I have been reading the other posts about split ACs in this forum and zeroed on the following Brands/Models:
HITACHI: Follow Me 1.2T (RAU514ERD)
BLUE STAR: 5 Star ZS 1.5T (5HW18ZAS)
CARRIER: Durakool Star 1.5T

Are there any other better brands/models in this price range (~30k)? Please help me choose while considering the aftermarket service of the brands since this is my first AC I'm going to buy.


----------



## Sarath (May 12, 2011)

Get a 1.5ton from Hitachi. Pretty powerful and durable.


----------



## ithehappy (May 12, 2011)

Death_Knight said:


> I have been reading the other posts about split ACs in this forum and zeroed on the following Brands/Models:
> *HITACHI: Follow Me 1.2T (RAU514ERD)
> BLUE STAR: 5 Star ZS 1.5T (5HW18ZAS)*



Any one of them would be perfect.


----------



## Sarath (May 12, 2011)

Are you sure you have use for the "Follow me" feature in the hitachi one? It doesnt seem worth the premium. 
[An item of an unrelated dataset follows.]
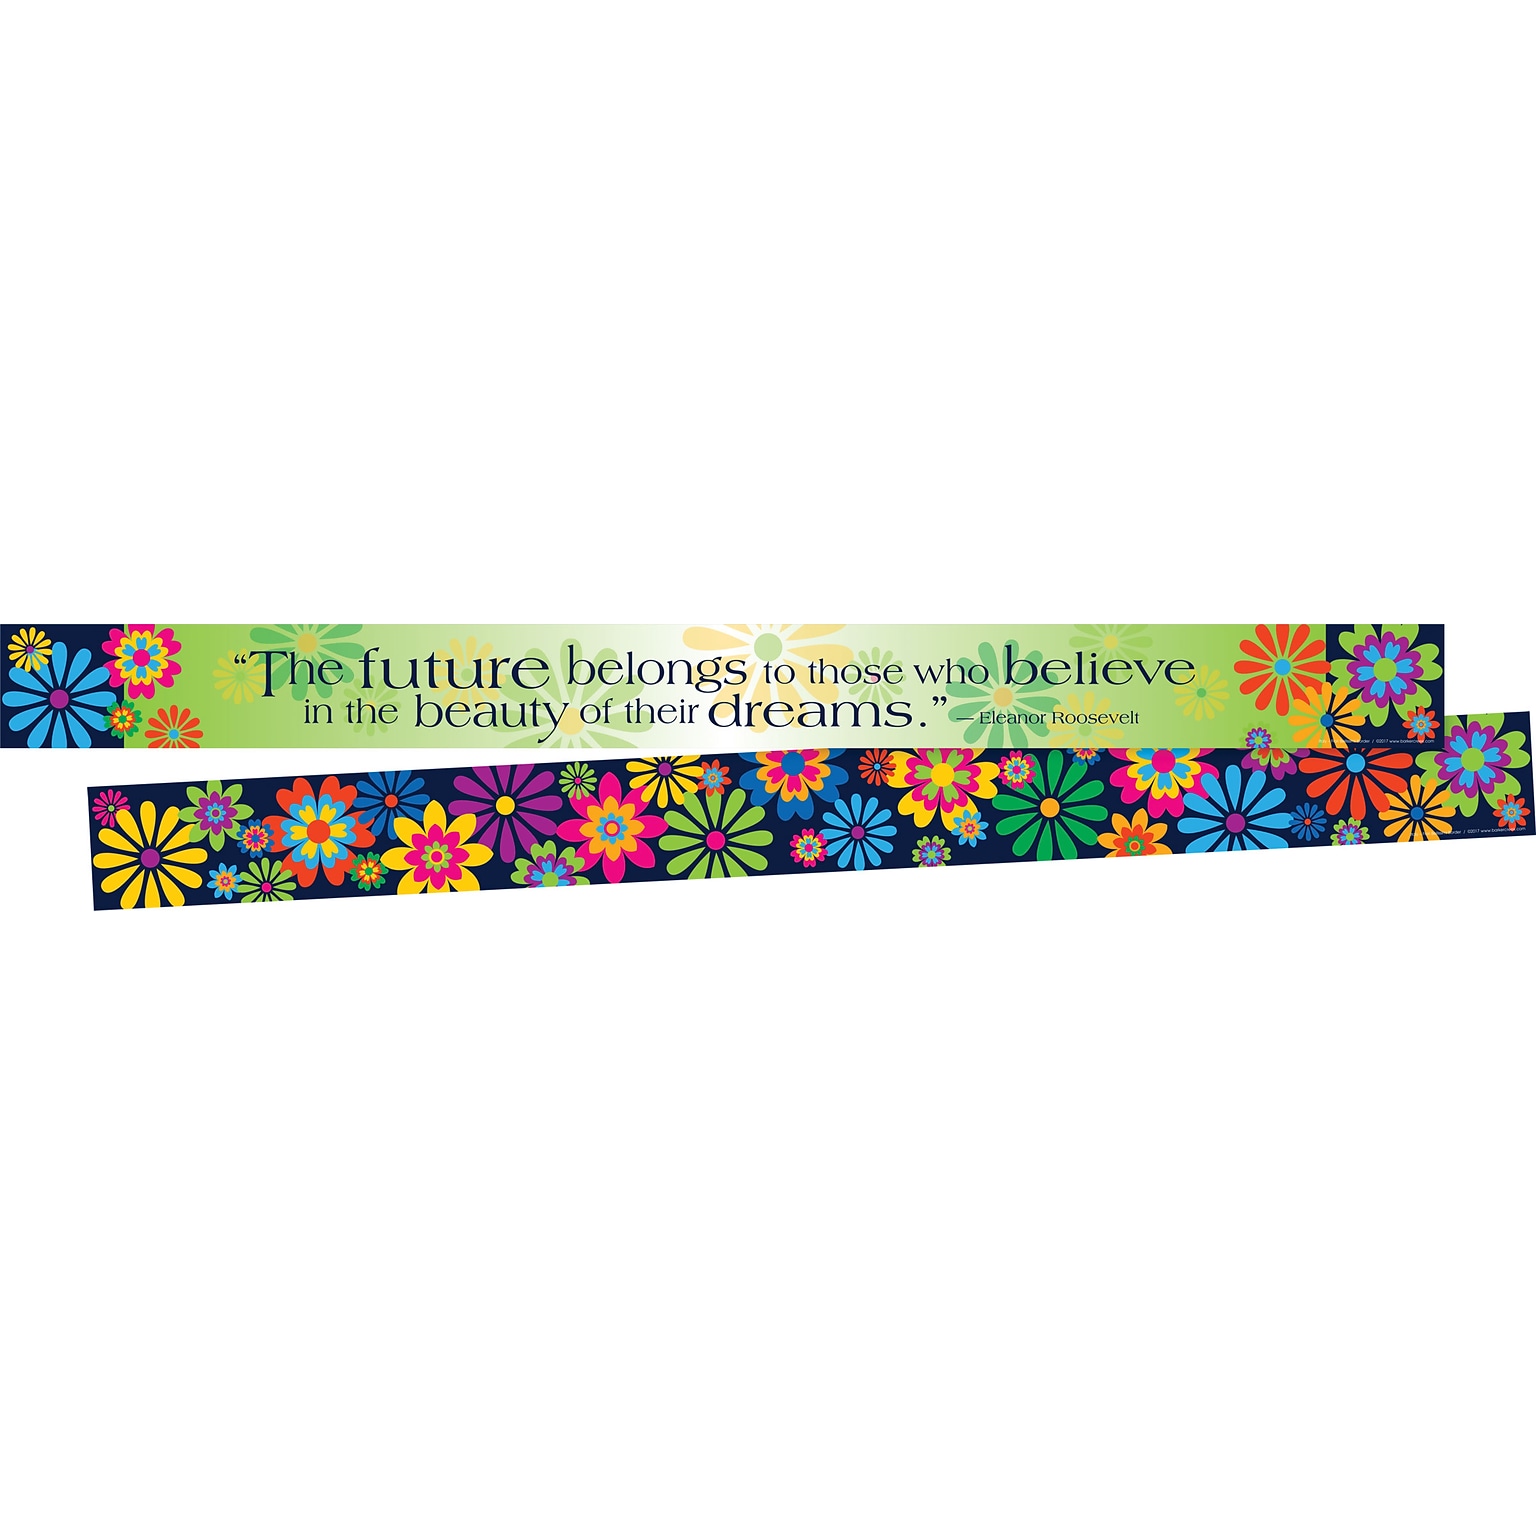 Barker Creek Italy Fiori Bellissimi Double-Sided Border with Quote 2-Pack, 70 Feet/Set (BC3671)

And use this to calculate tonnage (if unsure)
Bluestar  ac-tonnage-calculator


----------



## Death_Knight (May 12, 2011)

Sarath said:


> Are you sure you have use for the "Follow me" feature in the hitachi one? It doesnt seem worth the premium.



yes I know, but the fact that its brother without this feature, the ACE-CUTOUT, is priced almost the same. And the KAZE 1.5T is a 3star one

The BLUE STAR one seem to have better features with multiple filters, i-feel, LCD on the unit and night glow remote. Plus its 1.5T and the online prices on CompareIndia seem cheaper (haven't confirmed with local dealers yet).
But I am more concerned about the customer service in Kolkata... Any idea about that?


Sarath said:


> And use this to calculate tonnage (if unsure)
> Bluestar  ac-tonnage-calculator


Yup, checked it... came out to be 1.5 (mind it, they dont show 1.2)
The article here gives the cooling power calculation.


----------



## Sarath (May 12, 2011)

Hmm you have a point. I think its a wise choice you are settling to the Blue Star one then. Dont pay for useless features. 

Also make sure you see the individual wattages (on labels) and the efficiency of the unit as BTU per KWH. 
Check for the price difference and the actual increase/decrease in efficiency. Try to make out a crude ratio between them. i once noticed a 3star hitachi at 27k and a 5star hitachi at 40k. difference in effciency some 50-150W per hour for same tonnage. Not VFM. 

Since i suppose you have already calculated the cooling power needed for your room make sure you check the appropriate labels.

Also since this will also be seen by others looking to buy an AC i want to mention: "*Do not buy ONIDA*. Its cheap got it for the bedroom. Splits are known for being silent but this one feels like a bulldozer clearing its throat and is not very efficient in cooling. 

I am quoting Hitachi everywhere coz thats the only one i have used [Hita. Atom]. So bear with it.


----------



## kyldeepbhardwaj (May 13, 2011)

After reading & visiting a hell lot of reviews and forums I am settling in for HITACHI ACE FOllow me........It has everything in it......durability,less power consumption,less noise(a v big factor after some time), cools pretty efficiently.......


----------



## Death_Knight (May 13, 2011)

Enquired about price today from Khosla & Great Eastern (Dalhousie), but roughly... there's an awful rush in these shops and these dealers don't give the best value unless you are telling them that you are paying just now...

The Hitachi Follow Me 1.5T is way above budget  (haven't enqired 1.2). Dropping it for now.
The Carrier Durakool Star 1.5T is 32k
The Blue Star was not present in the shop, but they would arrange at 29k.

Please somebody give feedback regarding the customer service of these in Kolkata, and the maintenance contract procedure in brief... this is my first AC guyz.


----------



## kyldeepbhardwaj (May 13, 2011)

What's the price of Hitachi Ace Follow me 1.2 T...... In here @ Japiur m getting it for 35k vt all services+installation+maintenance for 1 year.


----------



## Death_Knight (Jun 8, 2011)

The buying got delayed a lot due to electrical wiring issues in my room. Finally went for the buy today at Khosla Electronics:

Hitachi Ace Follow Me 1.5T: 39.5k
Hitachi Cut Out 1.5T: 38k
Carrier Durakool Star 1.5T: 32k
Blue Star: Not present ATM. Complained of poor customer service.

But finally Dad settled for the best: Hitachi Follow Me  [haggled to 39k]
Will be delivered tomorrow, installation will be the following day.


----------